No pictures belong in the copy. Restate the rest of the data exactly.

::: DATA SEGMENT

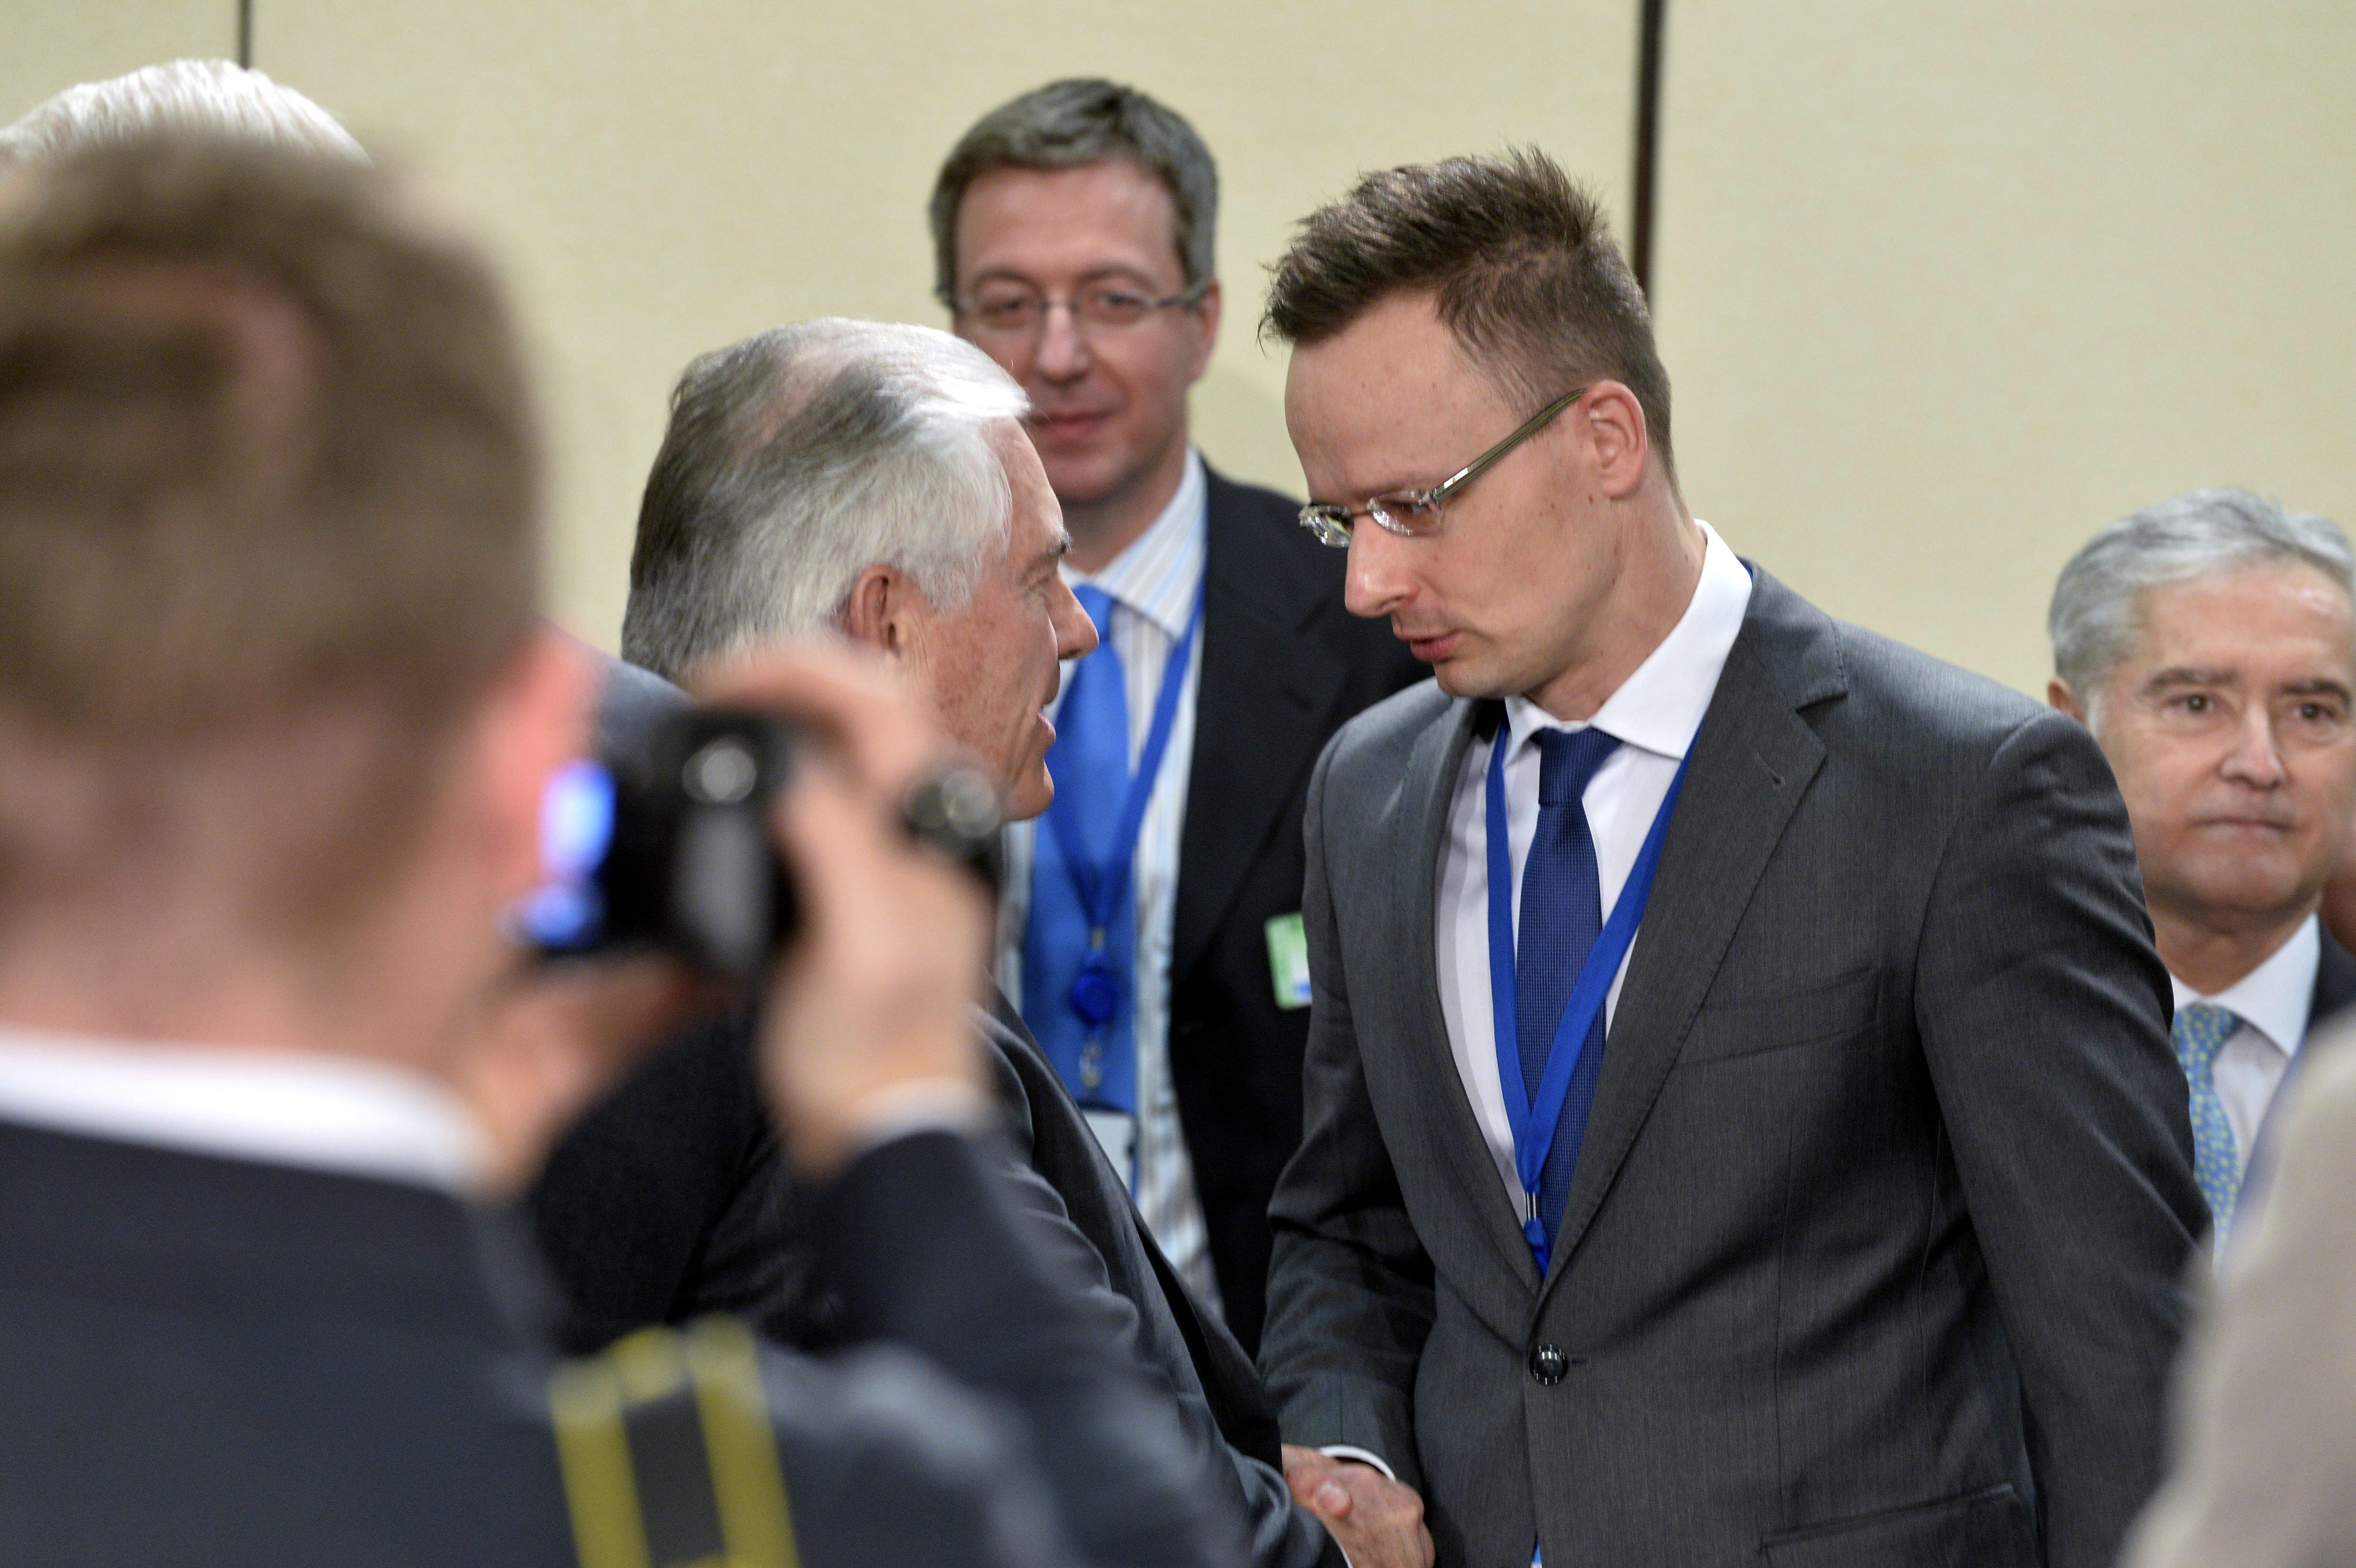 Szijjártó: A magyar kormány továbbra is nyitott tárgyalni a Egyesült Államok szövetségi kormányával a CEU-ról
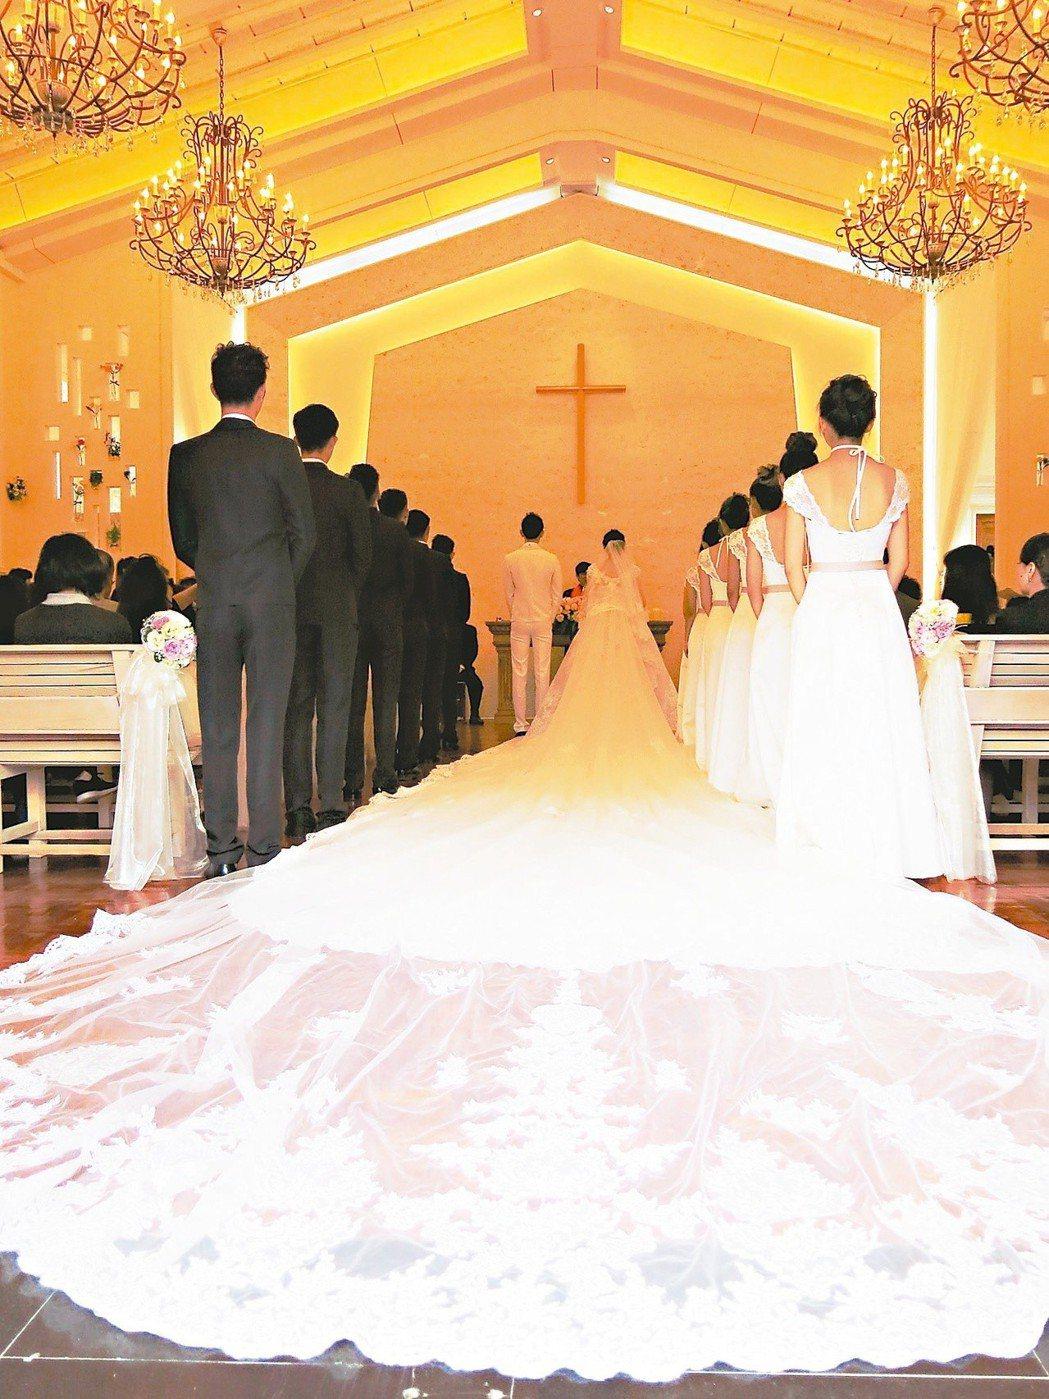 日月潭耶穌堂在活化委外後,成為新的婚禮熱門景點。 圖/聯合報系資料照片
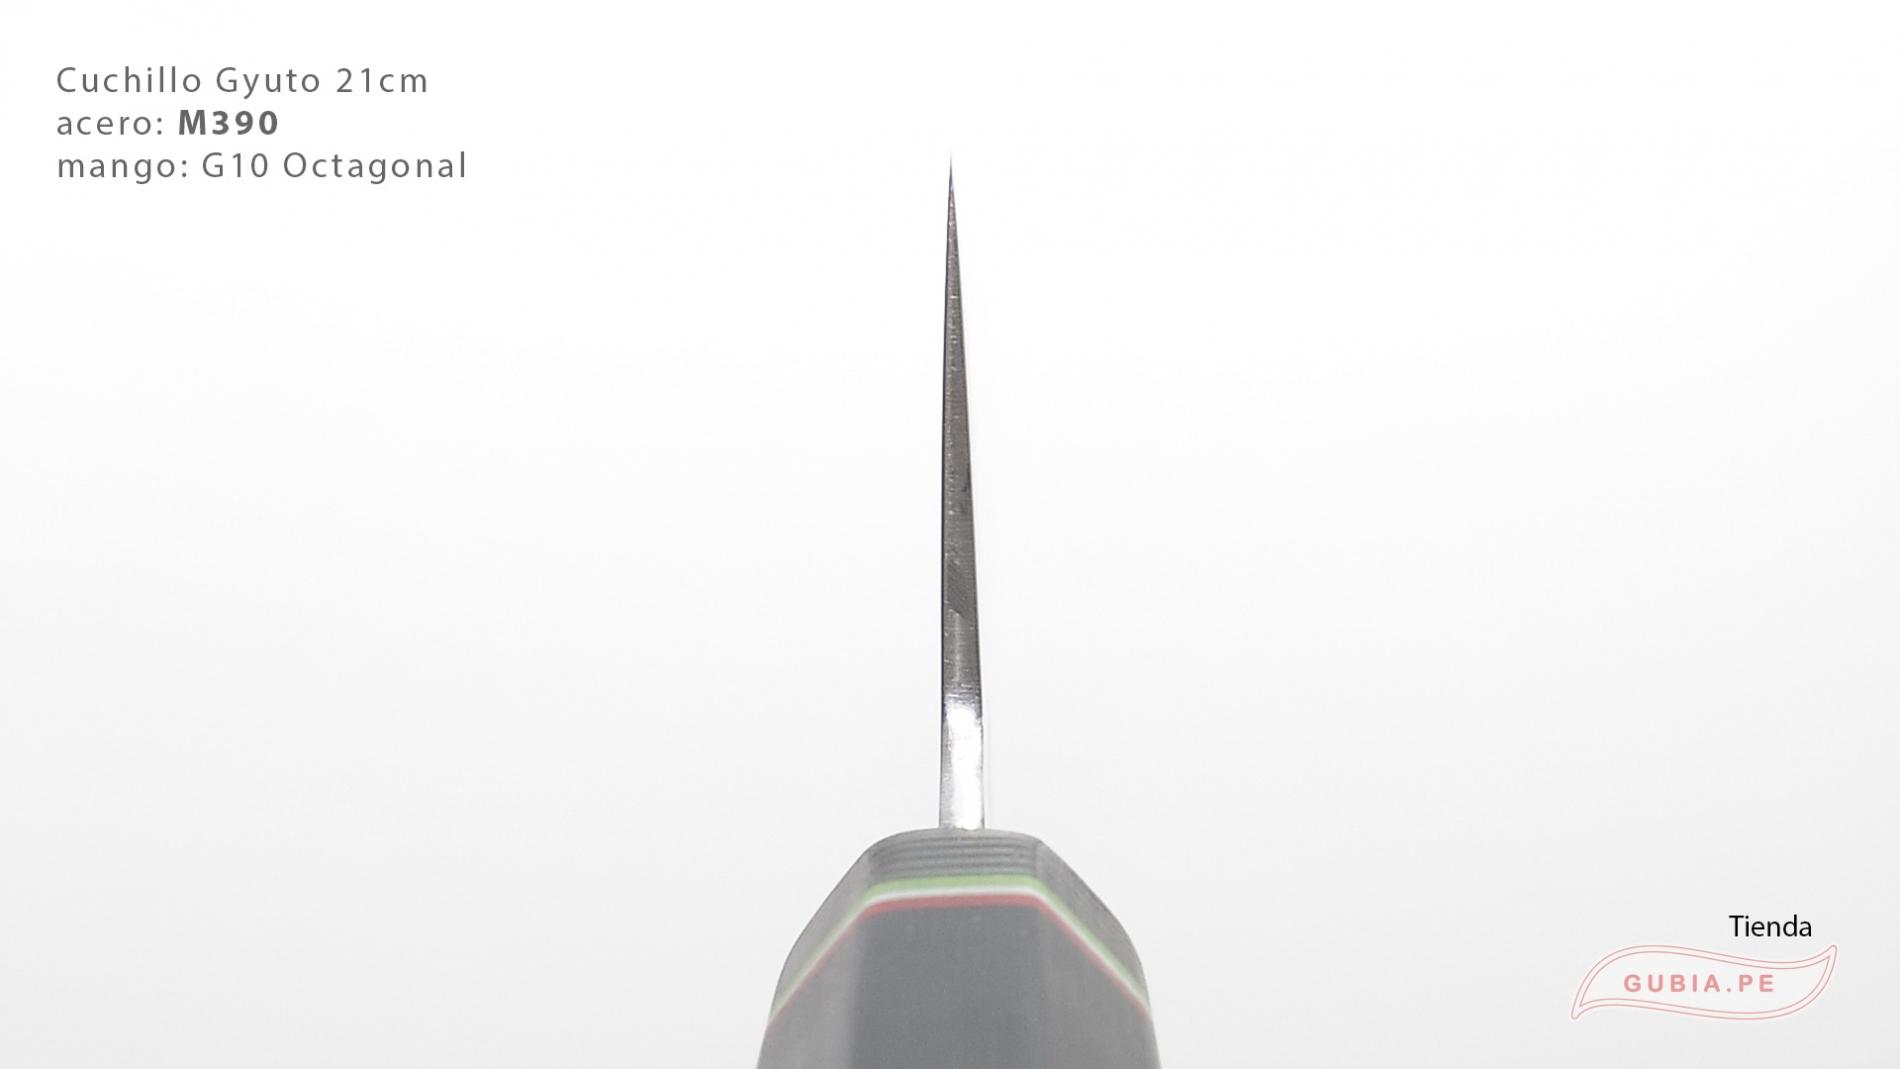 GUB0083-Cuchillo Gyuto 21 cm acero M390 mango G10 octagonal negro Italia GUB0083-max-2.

::::::

[RESPONSE BOX]
 Szijjártó: A magyar kormány továbbra is nyitott tárgyalni a Egyesült Államok szövetségi kormányával a CEU-ról
 日月潭耶穌堂在活化委外後,成為新的婚禮熱門景點。 圖/聯合報系資料照片
 GUB0083-Cuchillo Gyuto 21 cm acero M390 mango G10 octagonal negro Italia GUB0083-max-2.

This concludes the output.